Organisatie | De Fryske Marren |
---|---|
Organisatietype | Gemeente |
Officiële naam regeling | Verordening op de heffing en de invordering van veergelden 2022 |
Citeertitel | Verordening veergelden 2022 |
Vastgesteld door | gemeenteraad |
Onderwerp | financiën en economie |
Eigen onderwerp |
De ingangsdatum van de heffing is 01-01-2022.
artikel 229, eerste lid, van de Gemeentewet
Datum inwerkingtreding | Terugwerkende kracht tot en met | Datum uitwerkingtreding | Betreft | Datum ondertekening Bron bekendmaking | Kenmerk voorstel |
---|---|---|---|---|---|
01-12-2021 | nieuwe regeling | 17-11-2021 | 2021/109 |
De raad van de gemeente De Fryske Marren;
gelezen het voorstel van het college van burgemeester en wethouders van 5 oktober 2021, nummer 2021/109;
gelet op artikel 229, eerste lid, aanhef en onderdeel b, van de Gemeentewet;
vast te stellen de volgende verordening:
Verordening op de heffing en de invordering van veergelden 2022
Onder de naam ‘veergelden’ worden rechten geheven zowel voor het genot van door het gemeentebestuur verstrekte diensten als voor het gebruik van voor de openbare dienst bestemde gemeentebezittingen, werken of inrichtingen die bij de gemeente in beheer of in onderhoud zijn, zijnde de pont over de Langweerdervaart, welke de verbinding onderhoudt tussen Langweer en de Aldewei.
De rechten worden geheven van degene ten behoeve van wie de dienst wordt verricht of van degene die houder is van de voertuigen, welke met het veer worden overgezet.
Met betrekking tot de rechten die per jaar worden geheven is het belastingjaar gelijk aan het kalenderjaar.
De rechten bedoeld in artikel 4 worden geheven door middel van een schriftelijke kennisgeving waarop het gevorderde bedrag is vermeld.

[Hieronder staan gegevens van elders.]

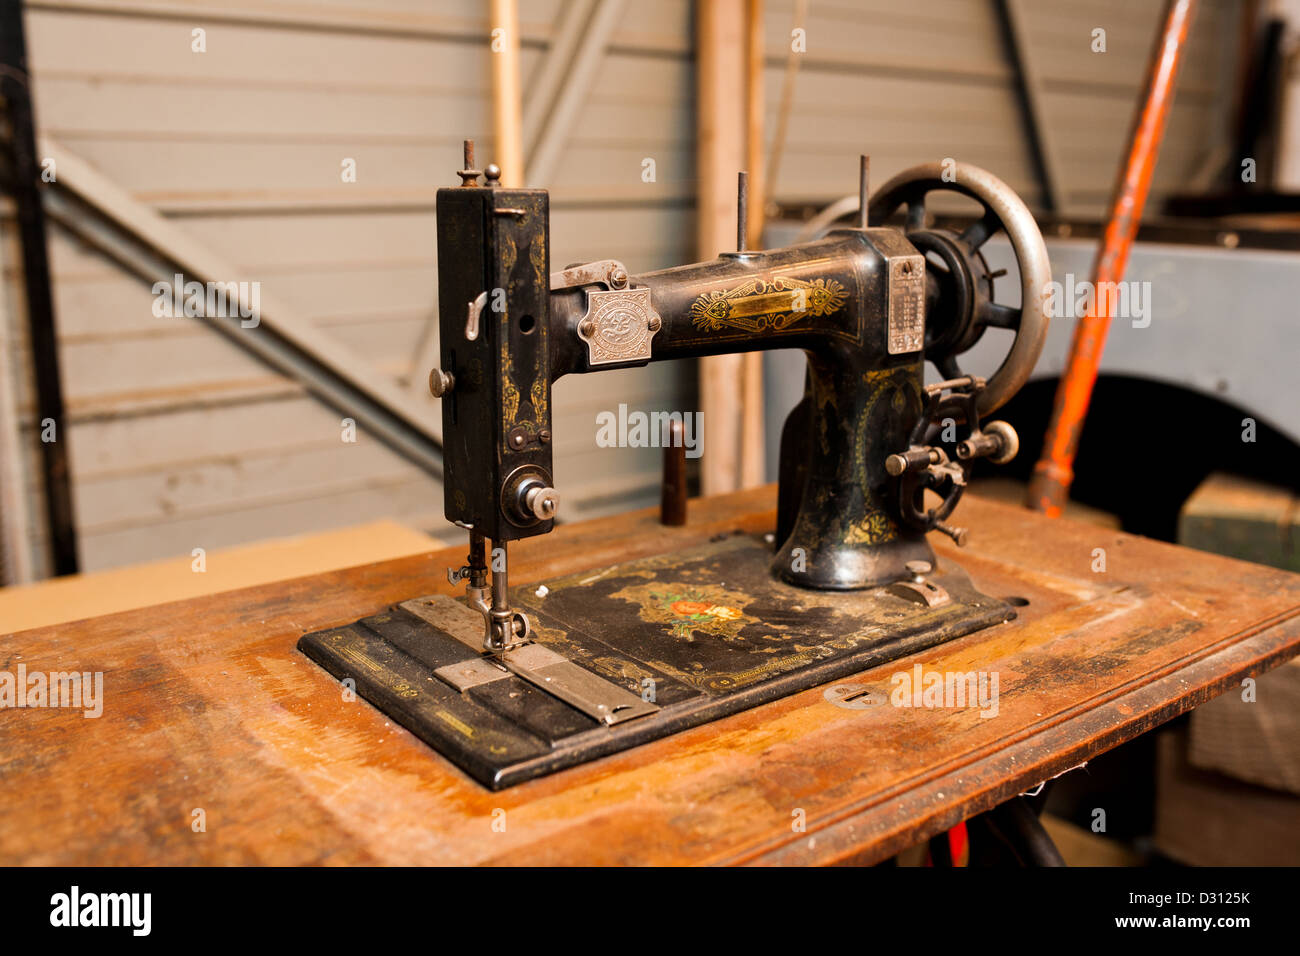 Une vieille machine à coudre vintage, sur une table en bois dans un atelier. Banque D'Images

Het gevorderde bedrag wordt door uitreiking van de schriftelijke kennisgeving aan de belastingschuldige bekendgemaakt.
De Verordening veergelden 2021 van de gemeente De Fryske Marren, laatstelijk gewijzigd bij raadsbesluit van 16 december 2020, wordt ingetrokken met ingang van de in artikel 12, tweede lid, genoemde datum van ingang van de heffing, met dien verstande dat zij van toepassing blijft op de belastbare feiten die zich voor die datum hebben voorgedaan.